Elf

Yellow tinted streetlight, smudged into a warm haze by the settling snow, illuminated the pathway through the park - usually cast into shadow at this late an hour.

Cutting through the park would knock a good 15 minutes off this trek home, he’d already been walking for 45 minutes and with the warmth from the streetlights being solely an illusion, he made up his mind and dug his hands deeper into his jacket, trudging onwards into Lester Park.

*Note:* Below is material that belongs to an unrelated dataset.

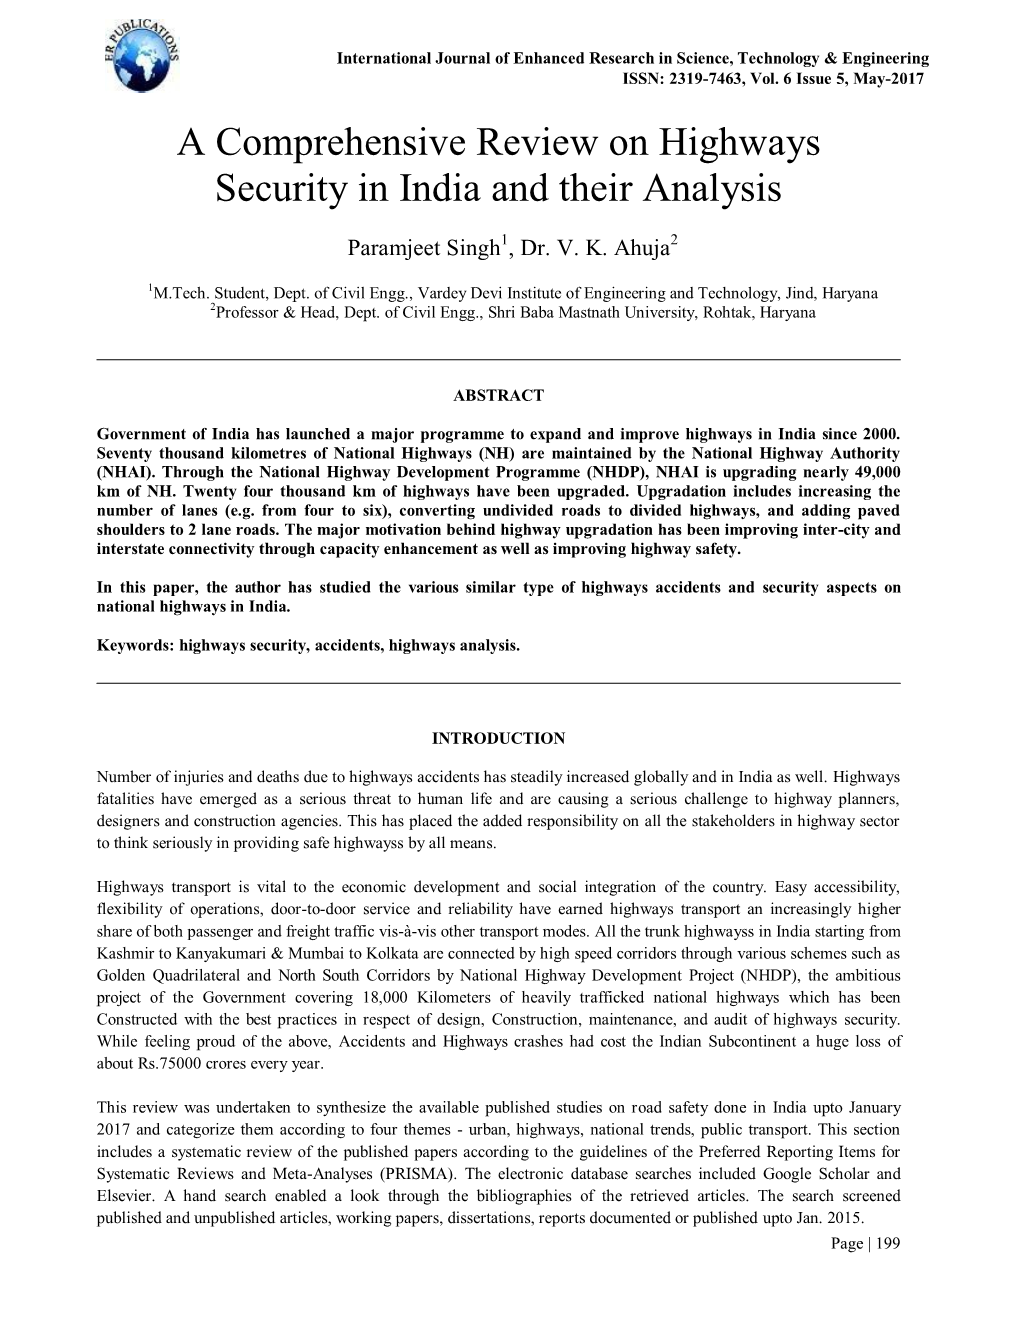 A Comprehensive Review on Highways Security in India and Their Analysis

It was odd, he thought, how uncanny this familiar walk felt, how other worldly the bare trees looked - crowding the path, their shadows banished, starkly flattened against the landscape by the falling snow.

Falling faster too, and much deeper than he had expected, that 15 minutes may have been optimistic.


Funny how he had never noticed the gradual slope of the path, enough for the snow to be getting deeper with each descending step.

Well he was committed now, had to be nearly halfway through … alone in the middle of the park.


Suddenly the trees broke into a wide clearing, as if to punctuate his isolation.


His hind brain ached as generations of paranoid instinct illogically begged him to skirt around the cleaning, stick to the tree line… out of sight…out of sight of what?

He forced a laugh, trying to conjure a joke from that humourless thought - he regretted it as it fell dead on the snow.


With gritted teeth he set off across the clearing, such focus on the trees ahead the snow should surely melt.

But it didn’t, it was up to his shins within three steps and his knee by the forth.

Not only that but without the shelter offered by the trees the wind slashed at his shivering form, working to free his jacket, forcing his hands out from the relative warmth of his pockets to wrestle for control of the flapping fabric.


Then he tripped, went down fucking hard as an ecstasy of pain erupted from his ankle, folding beneath him.

Stars flooded his vision as he fell, he felt snow tumble down his collar, shocking him awake. Had he passed out? He couldn’t be sure, he felt nauseous and the cold that pulsed from his core felt colder than the snow that cocooned him.

His body curled his knees into his chest, burrowing deeper into the softly crunching blanket. It was like pressing his thumb into cornflour, he thought disjointedly, and smiled as he gave in to the warmth.